The more I read, the more I learn. Did not know that some of these products did not act as a desiccant and a floatant. Thanks again.
It sounds like a PIA, but what I have been doing forever is using two separate products, one to dry off a soaked fly and a second to dress that soaked fly.
I do this because a soaked fly will respond better to being dried BEFORE redressing than a fly that is dressed damp/wet or when using a product that is supposed to do both steps in one. In other words, my dried & redressed fly floats longer and closer to the 1st float than it does when taking a shortcut.
I also get more fish on a single re-drying & re-dressing meaning most of the time all I need to do after catching a fish is false cast a few times to dry off the fly before presenting it to another riser. I assume this happens because the fly wasn't waterlogged when I redressed.
I found another problem specifically with Frog Fanny or when using 2-in-1 products containing a mixture of Silica Gel crystals (a desiccant for drying) mixed with fumed silica powder. When you put a soaked fly in that mixture OR just retreat a damp/wet fly with Frog Fanny, some of the super fine powder gets embedded in the dubbing and eventually the fly just won't float very long.
For almost as long as I have been fly fishing I've used a product that appears and disappears from the market made by Cortland called
Dry-Ur-Fly. Dry-Ur-Fly is super fine silica gel crystals that are small enough to make contact with all the surfaces of a soaked fly and dry it completely.
Larger silica gel crystals like the type found in electronics in those little packets is not fine enough so it just won't work as well as Dry-Ur-Fly. I THINK the silica gel crystals folks use to dry flowers is fine enough but I have a lifetime supply of Dry-Ur-Fly so I never investigated the floral stuff.

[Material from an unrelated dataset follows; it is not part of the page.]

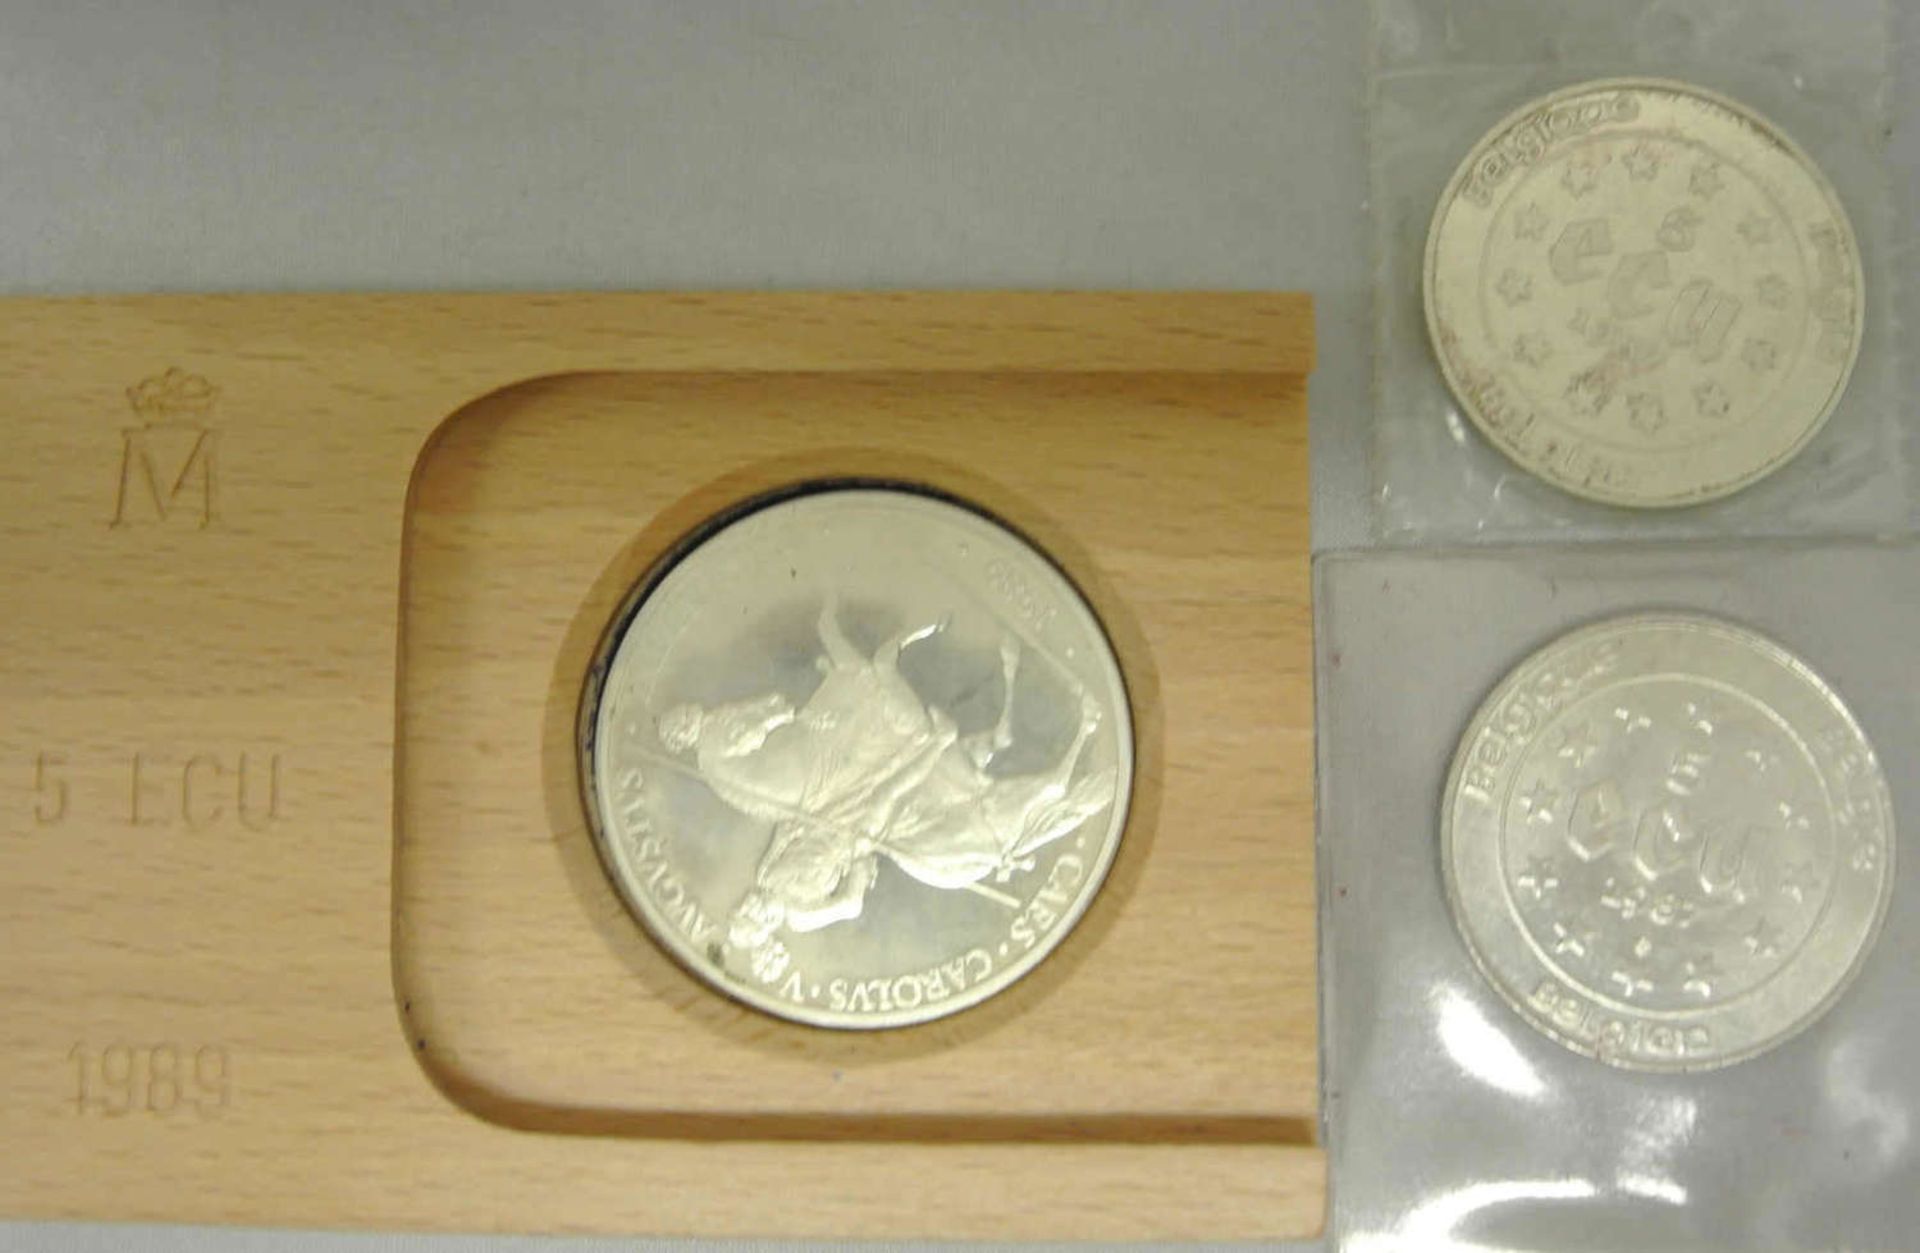 3x 5 Ecu Münzen, 2x Belgien 1987, sowie 1x Spanien 1989 - diese im Original Holzbox

I keep mine in an ancient Orvis container with a much more securely closing lid than the container it comes in now. An old plastic 35 mm film can works good too. When my fly is soaked, I pop it in the crystals STILL attached to my tipper, shake the container a few times, take out the fly and flick off any crystals that stick to the fly with my finger and retreat it with Frog Fanny. If the fly is particularly soaked or slimed I may do it a second time.
Another great thing about silica gel crystals, they last forever. If they get waterlogged from many successive days of drying off soaked flies, you can spread them out on a baking sheet, pop them in a 200 degree oven and in about 10 minutes they are good as new.
An alternative to using silica gel crystals is an Amadou patch, a piece of chamois or a rag. I also use an Amadou patch but I still use the silica gel crystals afterwards because the patch by itself it isn't as effective as the crystals and if the patch gets soaked from repeated use, it is even less effective. However the combination of the two gives me a fly as dry as if I just took it out of my fly box.
Again, all of these steps may seem like a lot but the alternative if you take shortcuts is a fly that will start to sink after a few casts/fish, which means time wasted trying to get it to float again or cutting it off and tying on something new.